**Task to complete**
Write each line below back out exactly, omitting its pictures.

**Given data**

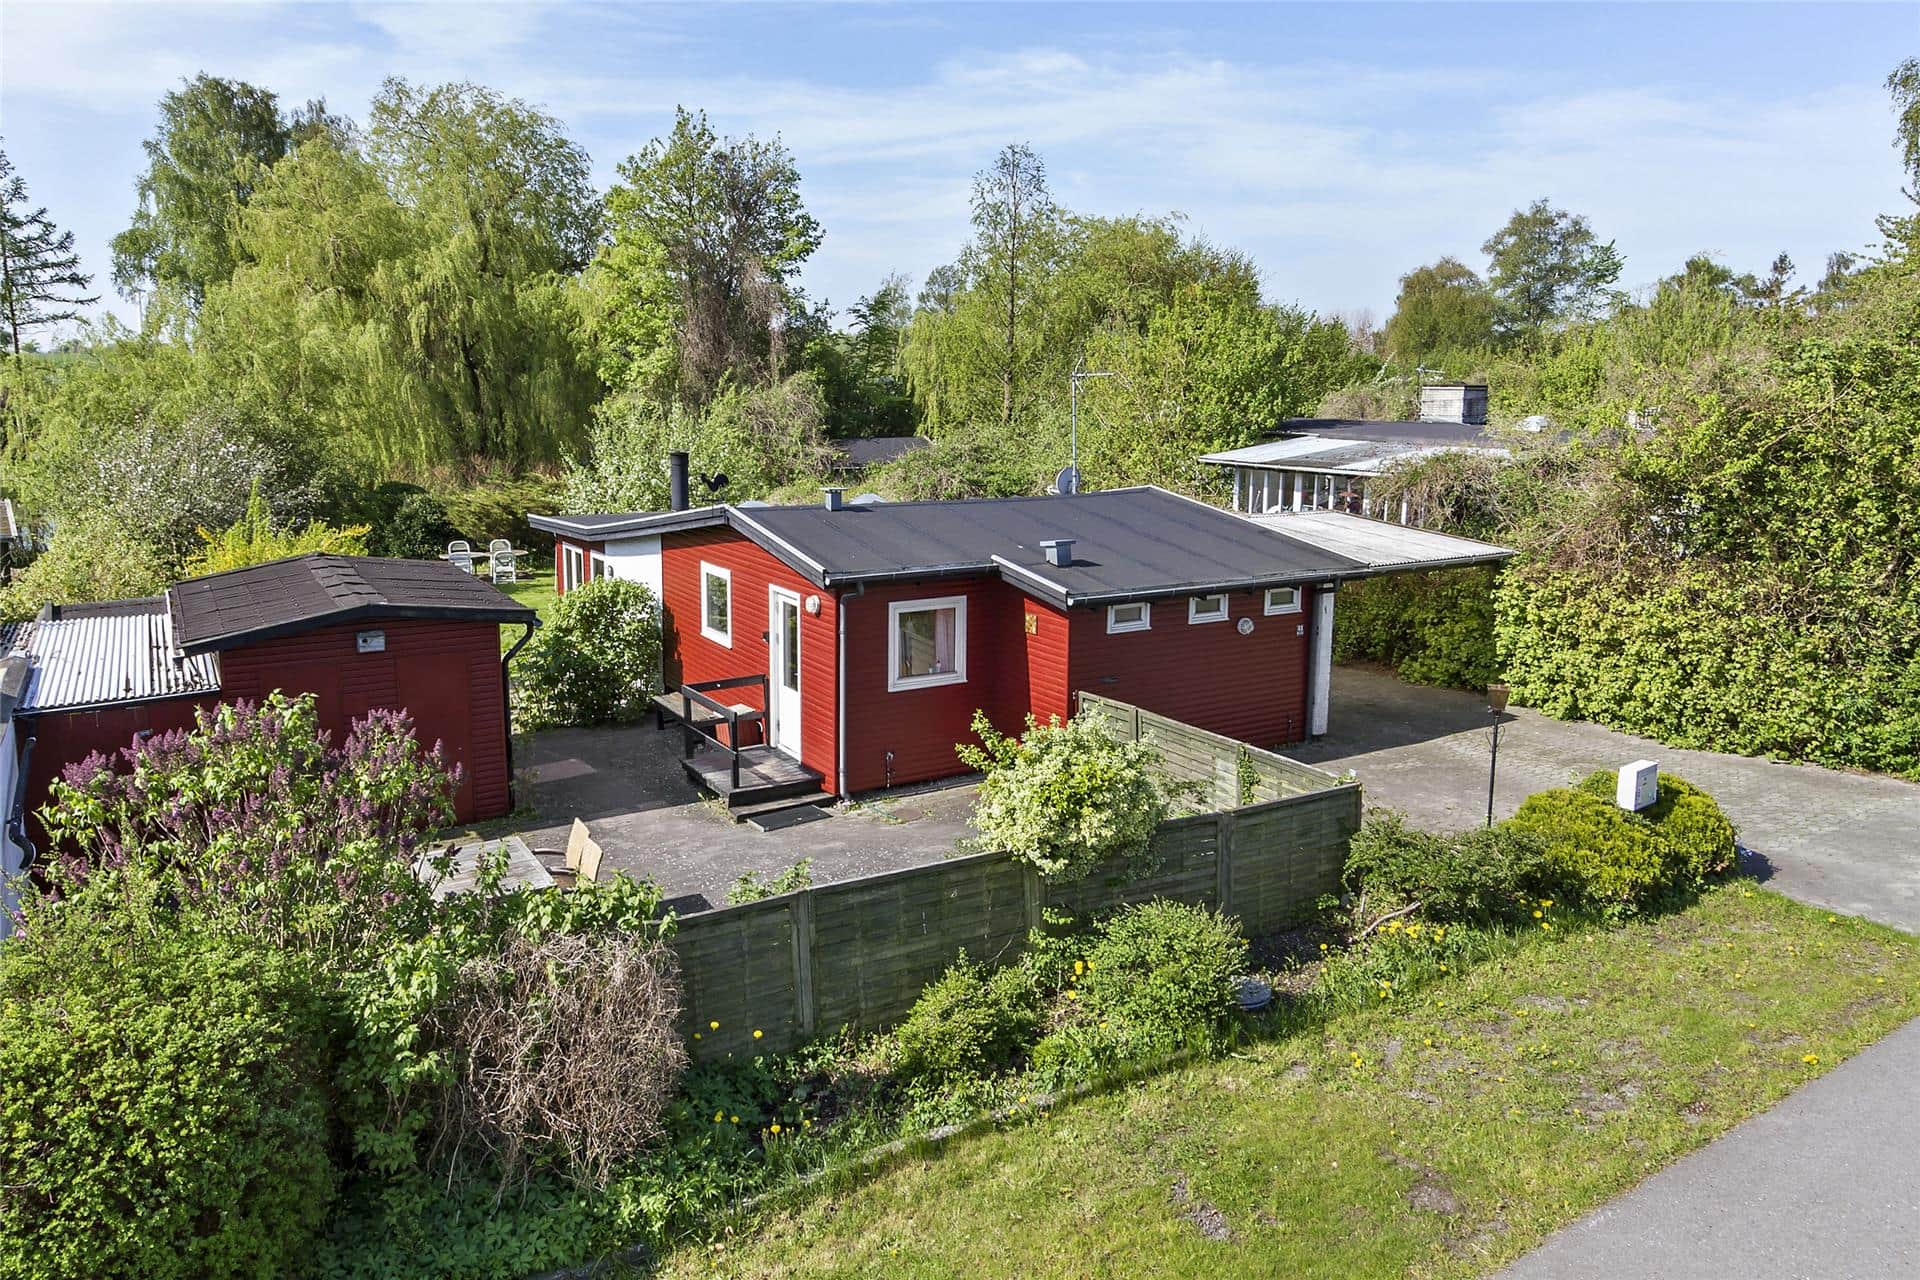 Afbeelding 1-15 Vakantiehuis S750, Svalemosevej 44, DK - 4671 Strøby Ladeplads
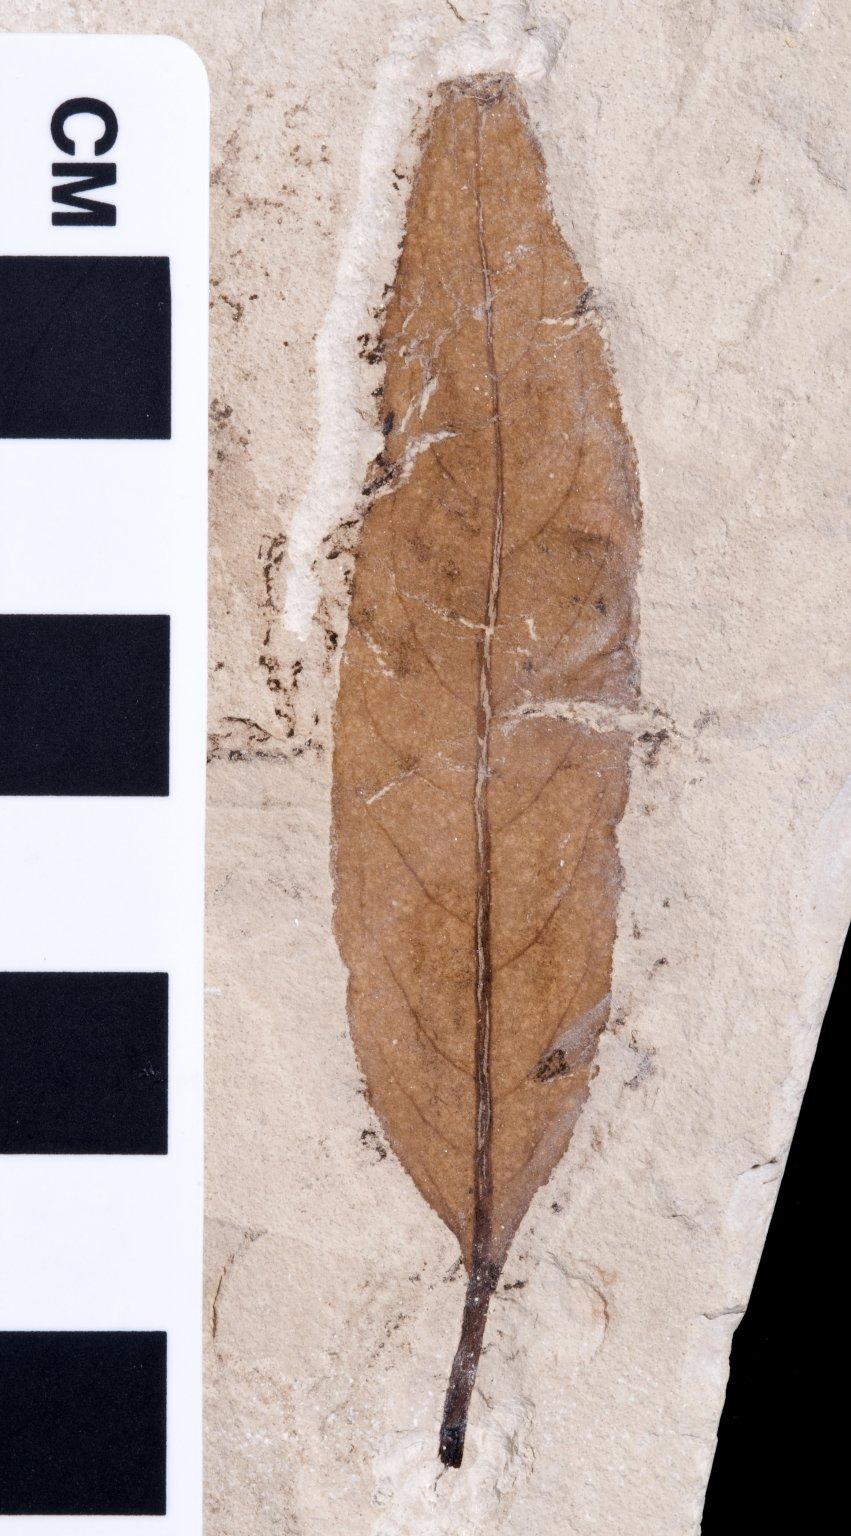 PC093 - leaf
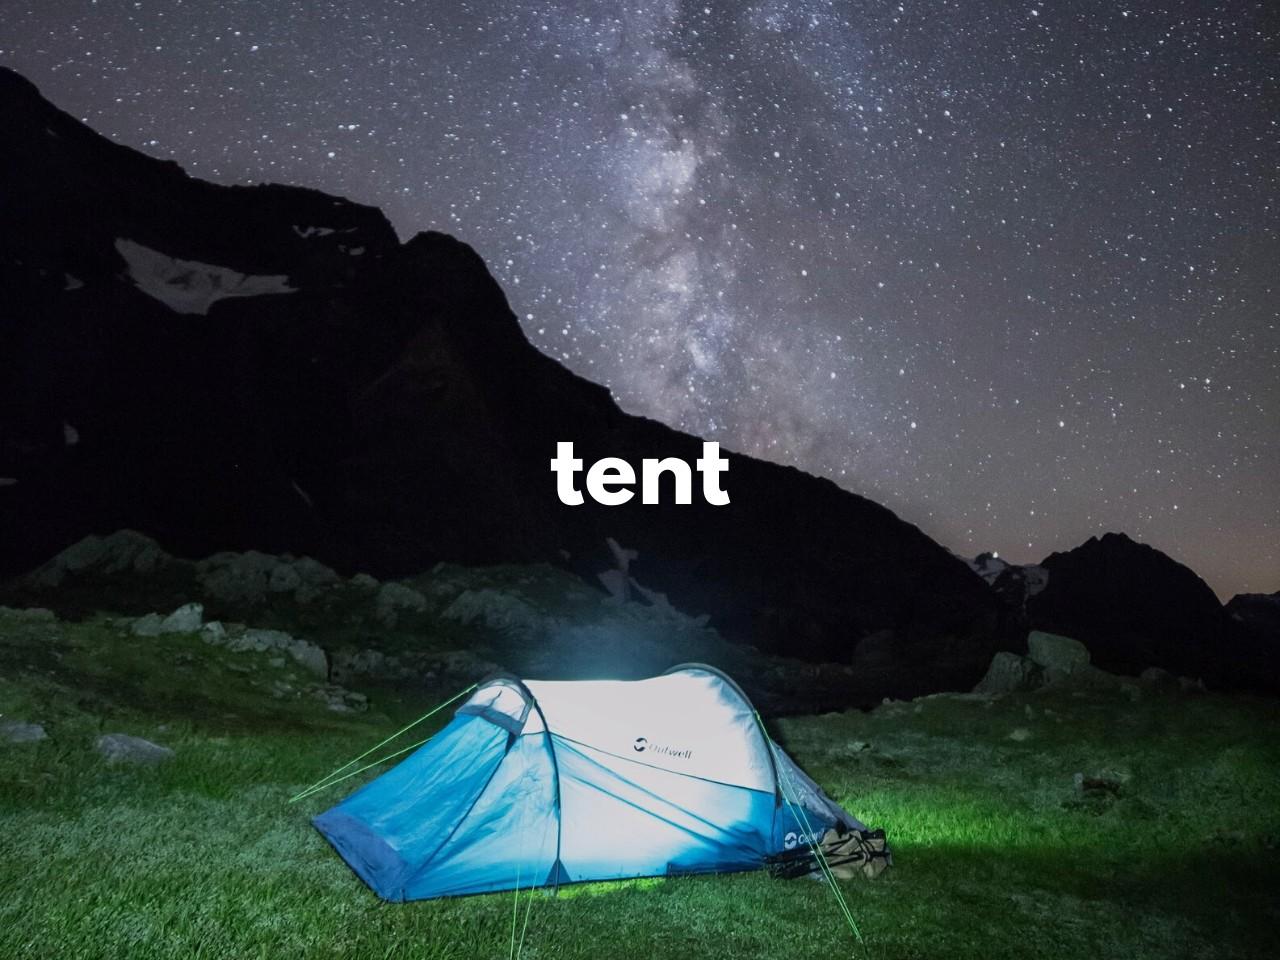 tent : テント

**Answer section**
 Afbeelding 1-15 Vakantiehuis S750, Svalemosevej 44, DK - 4671 Strøby Ladeplads
 PC093 - leaf
 tent : テント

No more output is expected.